Türkiye'nin en iyi ebeveyn sitesi
Türkiye'nin en iyi ebeveyn sitesi
Yazı Boyutu:
Hülya Yıldırım

EVE BOMBA DÜŞTÜ!


Dokuz ay sonunda, sağsalim doğumunuzu yapıp, bebeğinizi kucağınıza alıp, eve geldiğinizde, evde artık bir bebek mi var, yoksa eve bomba mı düştü, pek anlayamayabilirsiniz. Çünkü, hiç alışık olmadığınız viyaklamalar sizi sürekli paniğe sürükler.
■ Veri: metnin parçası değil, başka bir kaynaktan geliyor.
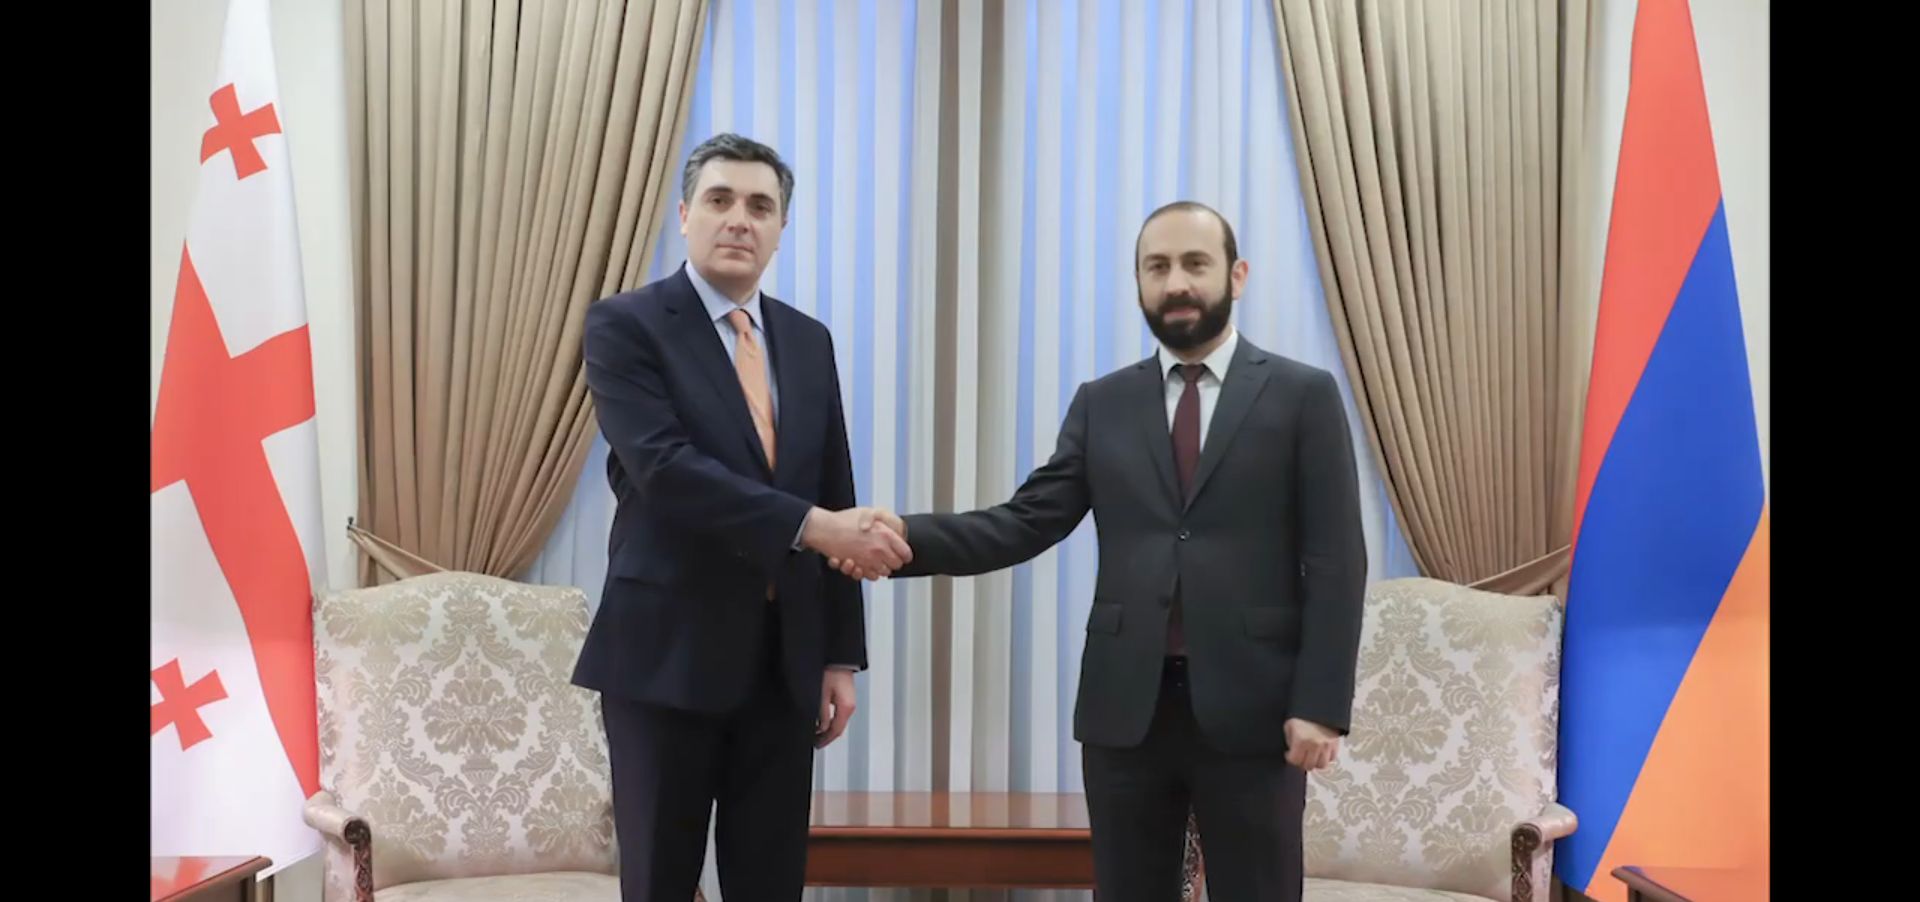 3 июля министр иностранных дел Армении Арарат Мирзоян будет находиться в Тбилиси с официальным визитом

Bir kere dokuz ayın yorgunluğu vardır üstünüzde. Sonra, her ne kadar her şey yolunda gitmiş olsa da, doğum olayının travması söz konusudur. Ve en önemlisi, o küçücük şey artık karnınızda değil, kucağınızdadır! Tabii ki harika bir duygu, fakat madalyonun öbür yüzünü de görmek lazım; o artık sadece sizin değil, doğduğu andan itibaren tüm hayatındır. (Meşhur lohusalık depresyonunun bilinçaltı bir nedeni de budur.) Ve hemen arkasından gelen bir haksızlık duygusu yaşarsınız; artık bebeğiniz tüm hayatındır ama sorumluluğun yüzde 99,9’u sizin, yani annenindir. Bu arada sürekli değişen hormonlarınızdan ise bahsetmek bile istemiyorum; hamile değilken farklı, hamileyken farklı, doğumdan sonra farklı ve emzirirken farklı salgılanan hormonlarınızdan…
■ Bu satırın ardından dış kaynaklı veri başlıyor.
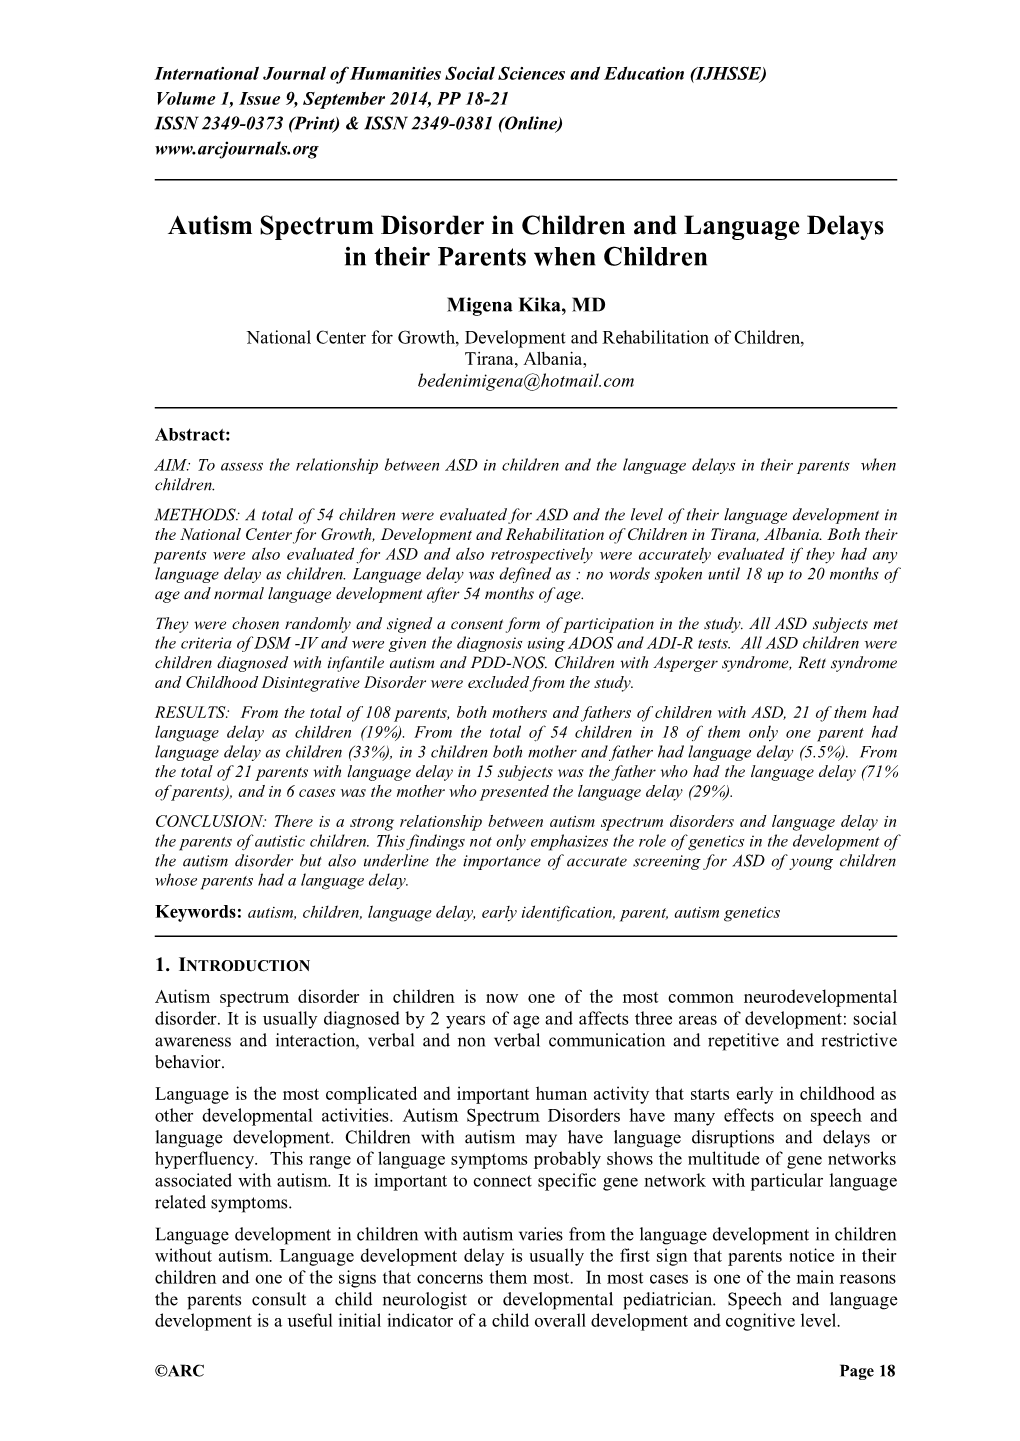 Autism Spectrum Disorder in Children and Language Delays in Their Parents When Children

Sonuç: o güne kadar bu denli bilmediğiniz ve üstesinden gelmeyi çok istediğiniz size ait ve size mahkum canlı, yani bebeğiniz kucağınızdadır. İlk tanışma anından itibaren, her ağlamasında onu anlamayı beklersiniz. Ağlıyor acıktı, ağlıyor altı kirli, ağlıyor gazı var… Toplum da sizden hiç fire vermeksizin ve derhal bebeğinizin ihtiyaçlarını karşılamanızı bekler elbet. Eh, tabii, konu doğum vakası olunca madalyonun öbür yüzü, yüzleri çevir çevir bitmez…
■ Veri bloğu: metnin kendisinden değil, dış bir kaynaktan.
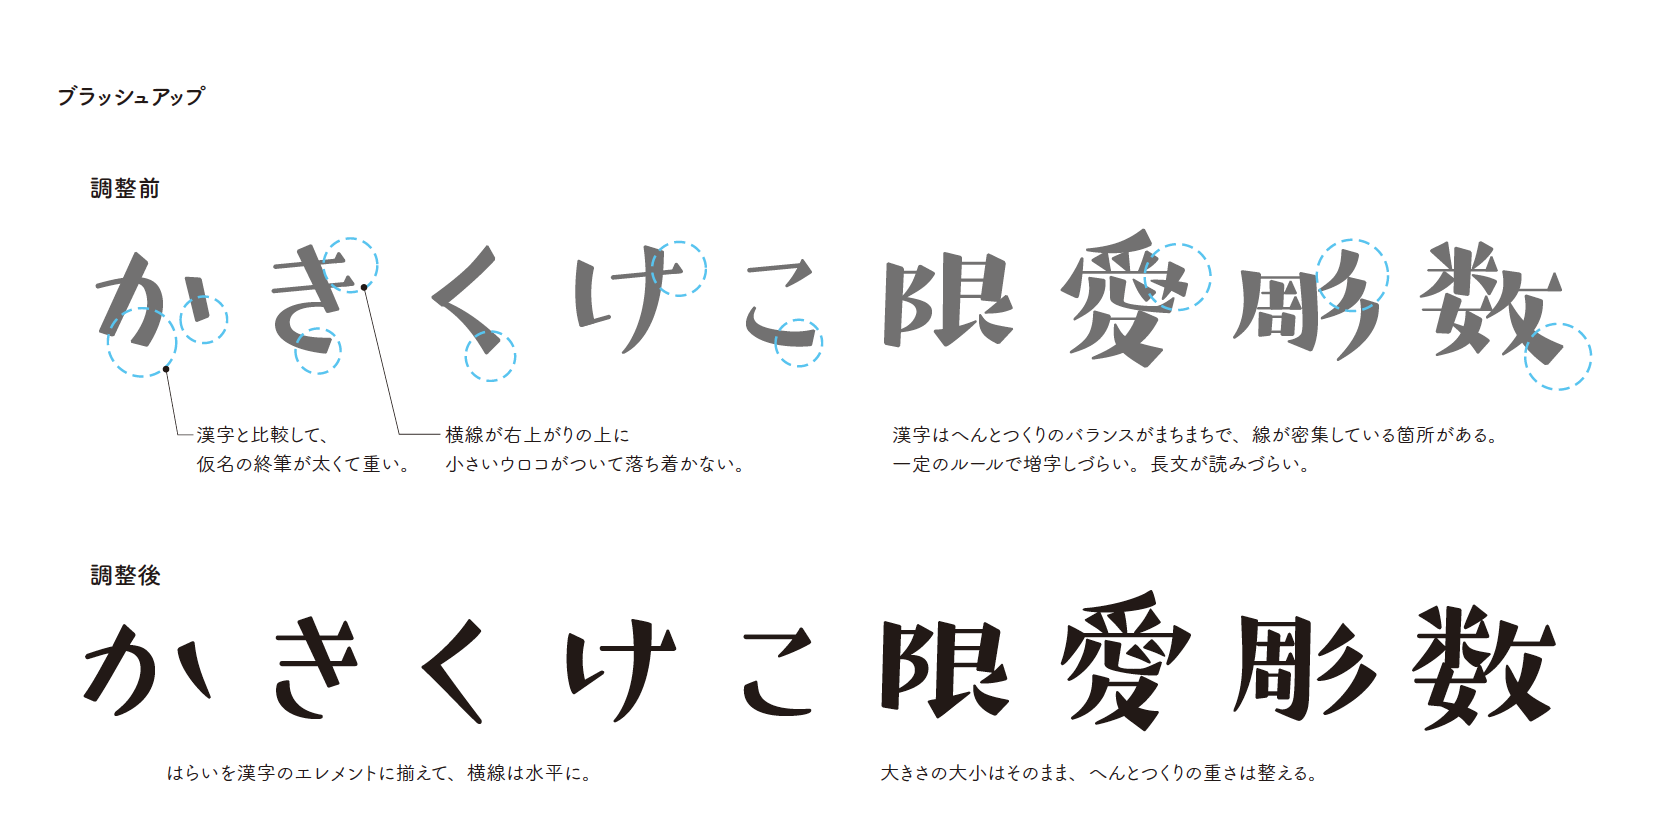 フォントデザイナー企画 昭和レトロな懐かしさにこだわった つばめ 神田友美氏へのインタビュー Fontworks

Naçizane arzum (önce bir anne olarak), bu sayfada hamileliğin, anneliğin, doğumun ve doğum sonrasının her açıdan - ama mutlak suretle bilgiye dayalı bir şekilde -irdelenebilmesidir.


Tamam, hamilelik ve doğum süreçleri mucizevi süreçler; fakat ya sonra?..
Örneğin; bebeğiniz, doğduktan yarım saat sonra sizi emmek ister; ama nasıl emzireceksiniz?..

Bu ilk günümüzün ilk ana yazısı olan “Mucizenin adı: anne sütü” konusunu siz okumadan ve emzirme tekniklerini öğrenmeden hemen önce küçük bir-iki tüyo vermeden geçemeyeceğim: Annelik öğrenilen bir süreçtir, siz de bebeğinizle birlikte öğreneceksiniz, panik yok. Bu bir! İkincisi; anneliğin en önemli aşamalarından biri olan emzirme işlemi küçük teknik bilgilerden çok önce ve de sonra beyinde başlayıp biter. Şöyle ki; bebeğinizi emzirmeyi isteyin. Kendinize ve içgüdülerinize güvenin (nasıl ki rahminiz 9 ay sağlıklı bir şekilde bebeğinizi taşıyıp doğurmanızı sağladıysa, memeleriniz de bebeğinizi doyurabilir). Kararlı ve sabırlı olun. Çevreden gelen her türlü olumsuz eleştiri ve öneriyi ( “Sütün yetmiyor”, “Mama vermelisin” “ Bebek doymuyor”, vs.) duymamazlıktan gelin ve sadece bebeğinize konsantre olun. Gerisi inanın ayrıntıdır. Bu çok özel zaman dilimlerinin hem bebeğiniz, hem de sizin için keyif anları olmasını diliyor ve tüm annelere, anne adaylarına ve tabii ki babalara “merhaba” diyorum.

 

ANNEYİ KAYIRAN KÖŞE
Lohusalık travması kaynana faktörüyle birleşince…
Doğumdan sonra eve geldiğinizde, artık sadece üç kişi (anne-baba ve çocuk) değilsinizdir. Adetlerimize göre en az bir 40 gün aileler de işin içine derhal - ve kesinlikle iyi niyetle - dahil olduğundan, doğumdan sonra evde kimbilir kaç kişi olduğunuzu sayamama ihtimaliniz yüksektir. Fakat, tam da bu noktada (o güne kadar canciğer kuzusarması bir ilişki de sürseniz) dikkatinizi sürekli bir kişi çeker: Kayınvalideniz.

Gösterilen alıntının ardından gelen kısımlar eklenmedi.